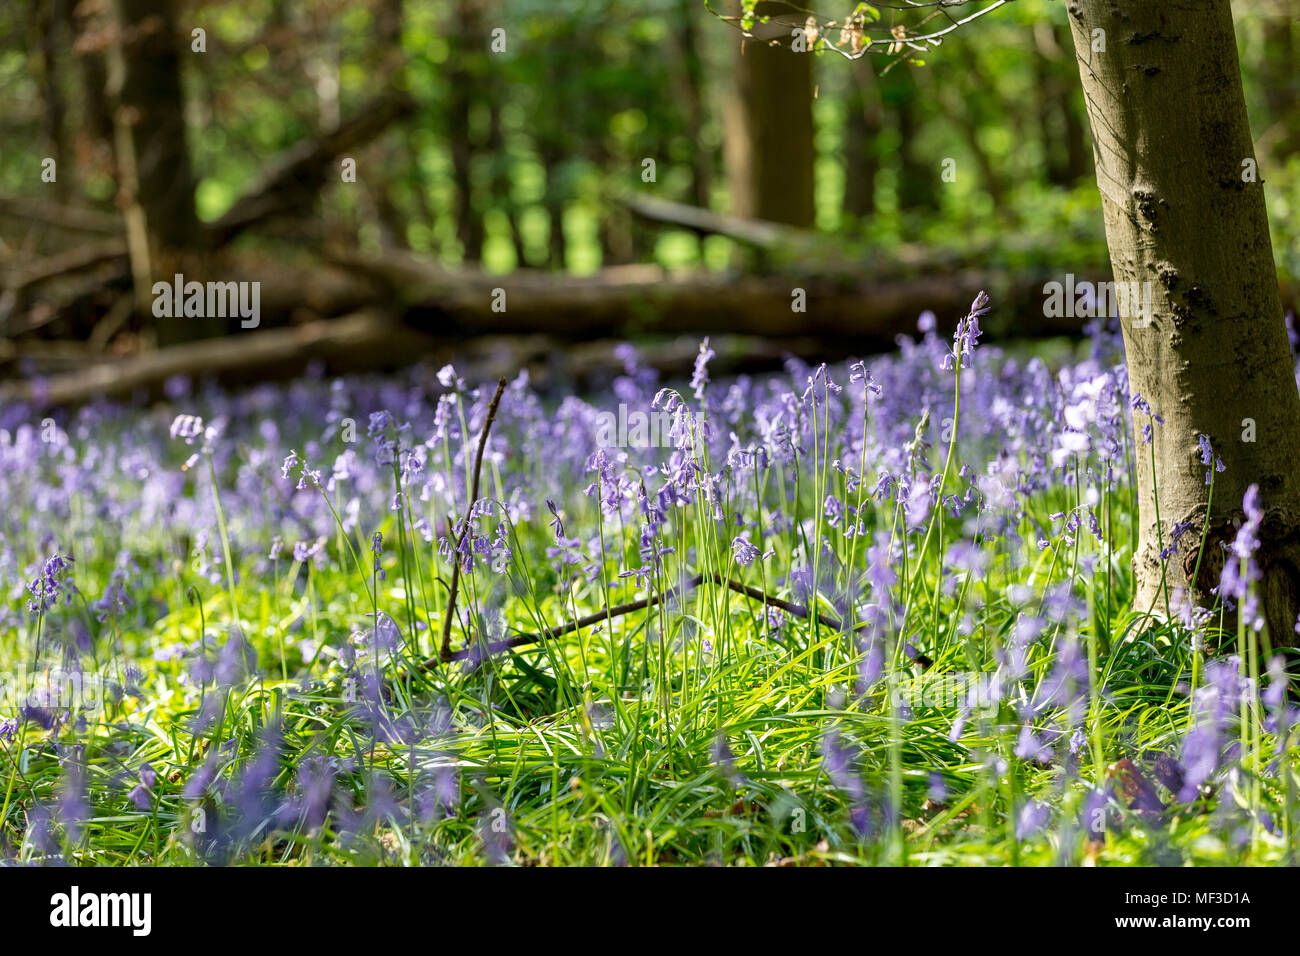 Tapis de jacinthes en bois de hêtre, Buckinghamshire, Angleterre Royaume-uni Banque D'Images
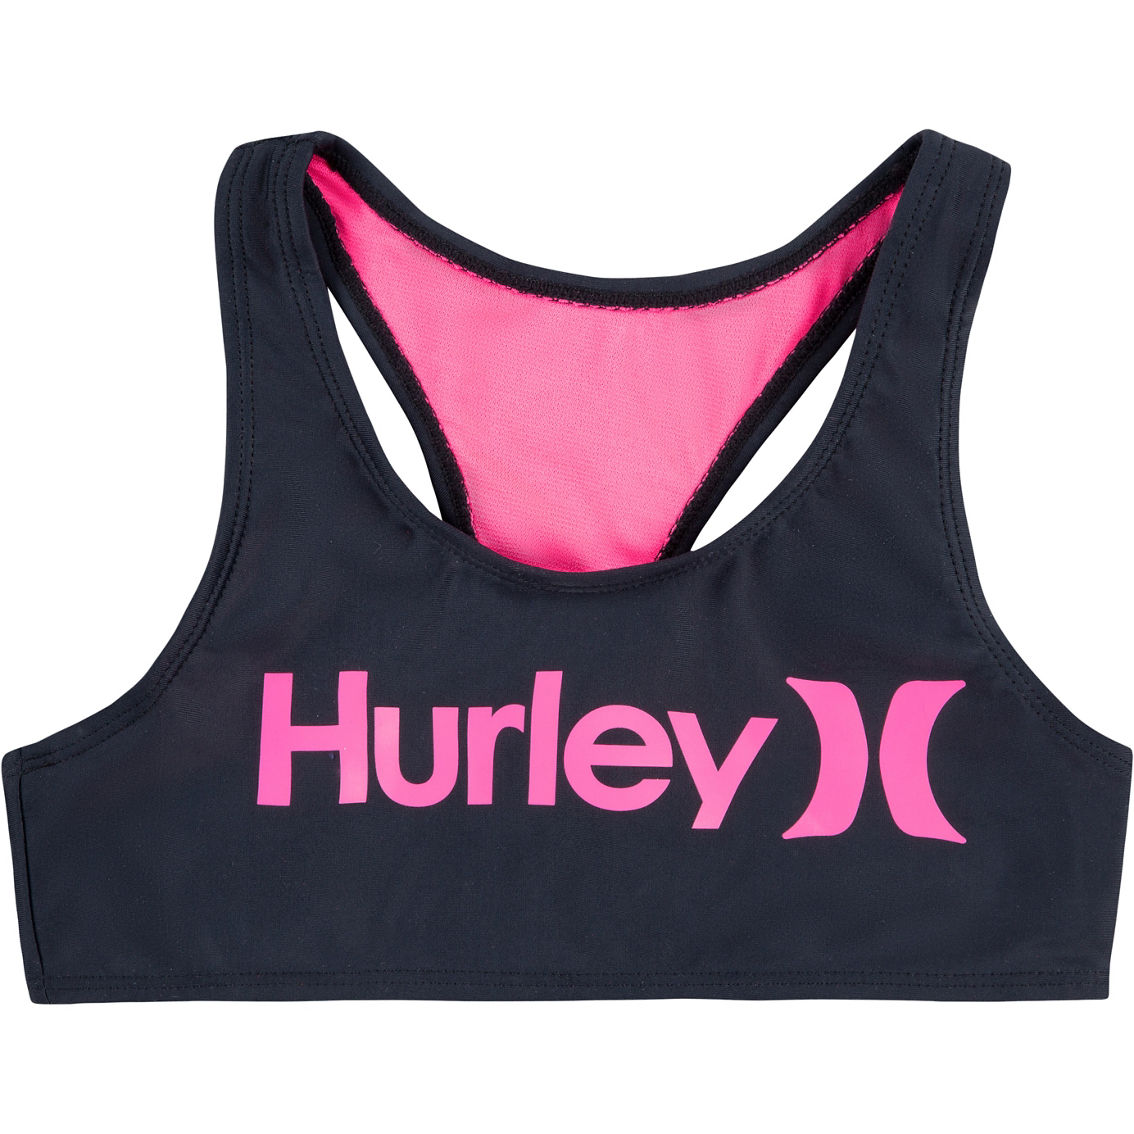 Hurley Girls Racerback Bikini Swimsuit - Image 3 of 4
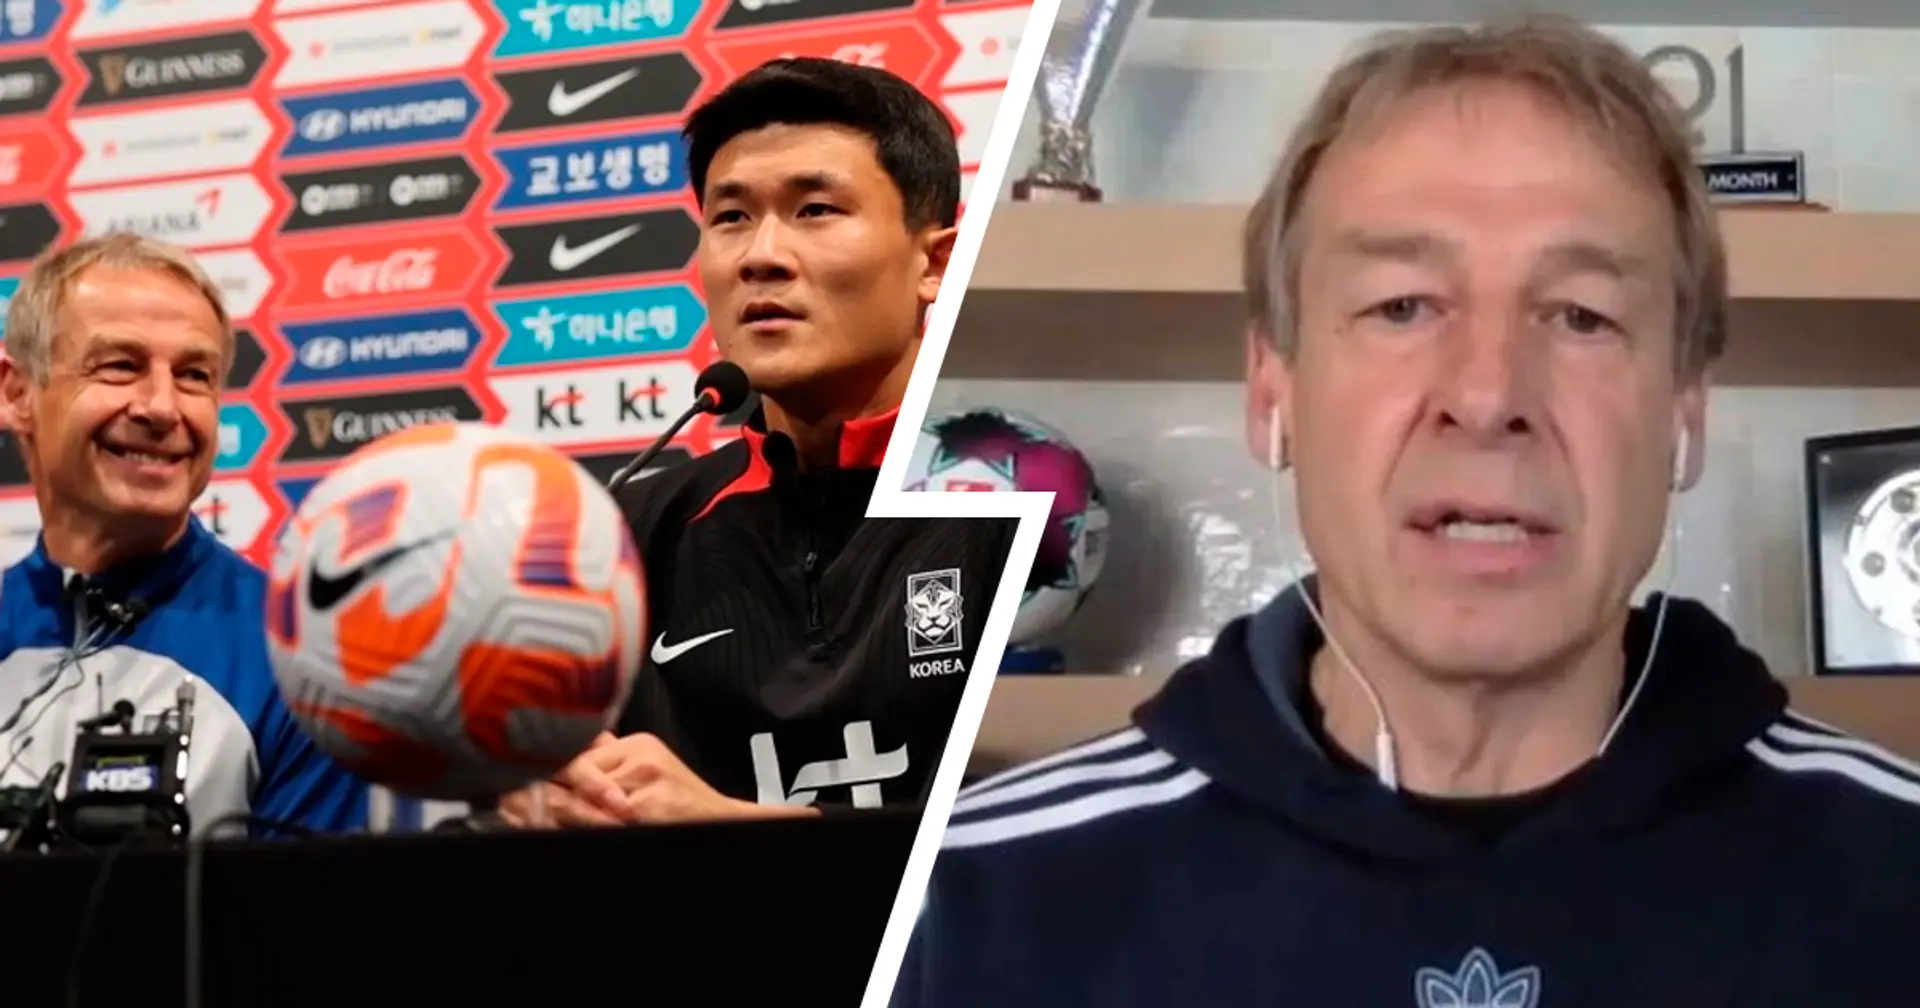 Südkorea-Coach Klinsmann freut sich über Kims Wechsel zu Bayern: "Einer der besten Verteidiger der Welt bei einer der besten Mannschaften der Welt"
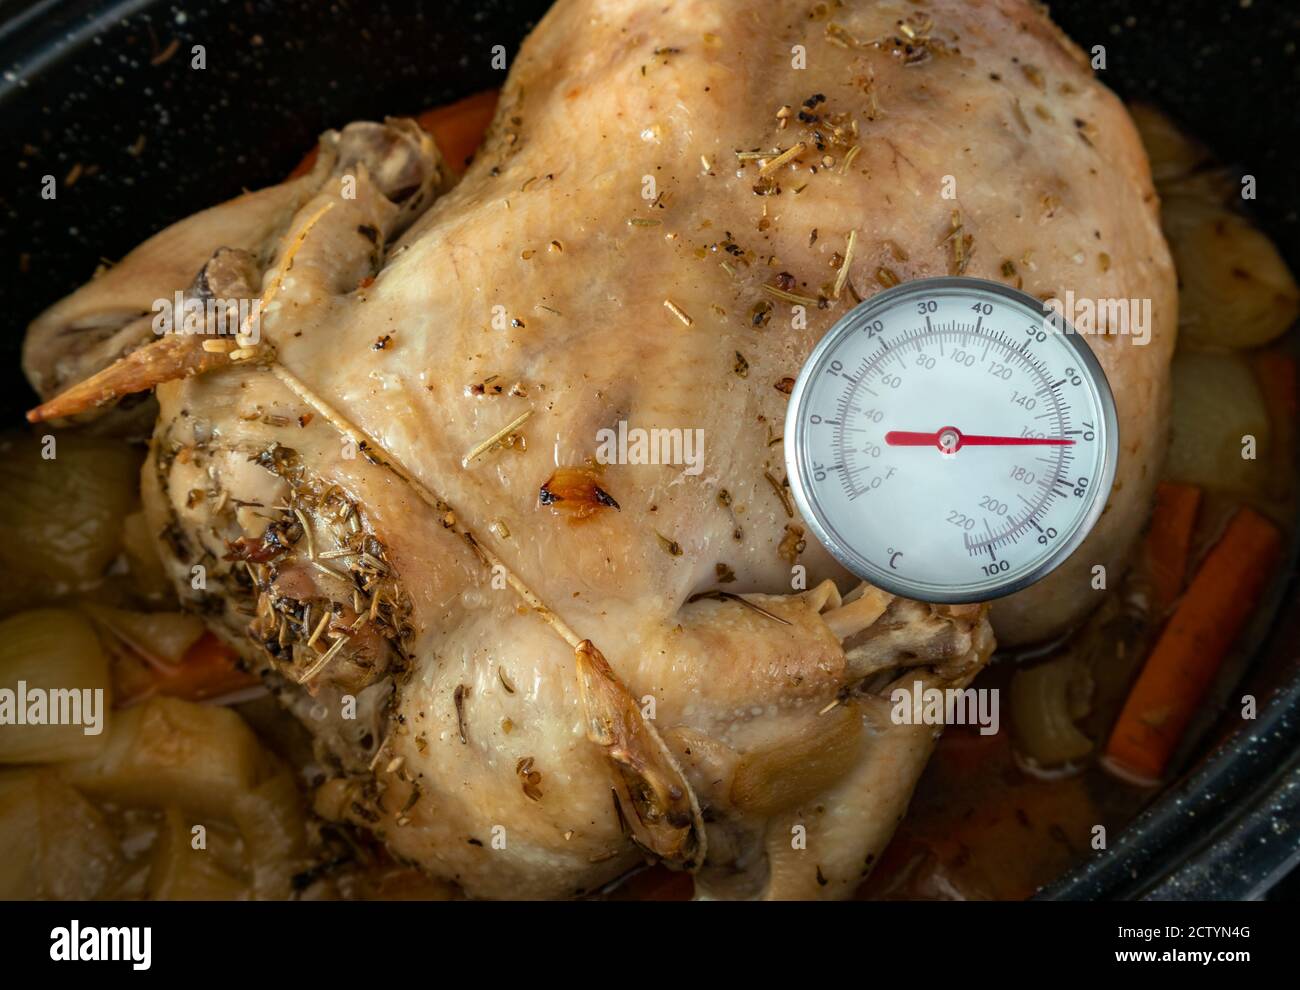 Misurazione della temperatura interna del pollo cotto in forno. Termometro a lettura immediata/carne per misurare la temperatura sicura per gli alimenti. Pollo intero in padella nera. Foto Stock

- - - - - - -

# EXERCISE:
Your task is to retype, exactly and only, the lines from the line holding "Hurley Girls Racerback" through the final line of the data above, with both ends kept. Drop the pictures.

# SOLUTION:
 Hurley Girls Racerback Bikini Swimsuit - Image 3 of 4
 Südkorea-Coach Klinsmann freut sich über Kims Wechsel zu Bayern: "Einer der besten Verteidiger der Welt bei einer der besten Mannschaften der Welt"
 Misurazione della temperatura interna del pollo cotto in forno. Termometro a lettura immediata/carne per misurare la temperatura sicura per gli alimenti. Pollo intero in padella nera. Foto Stock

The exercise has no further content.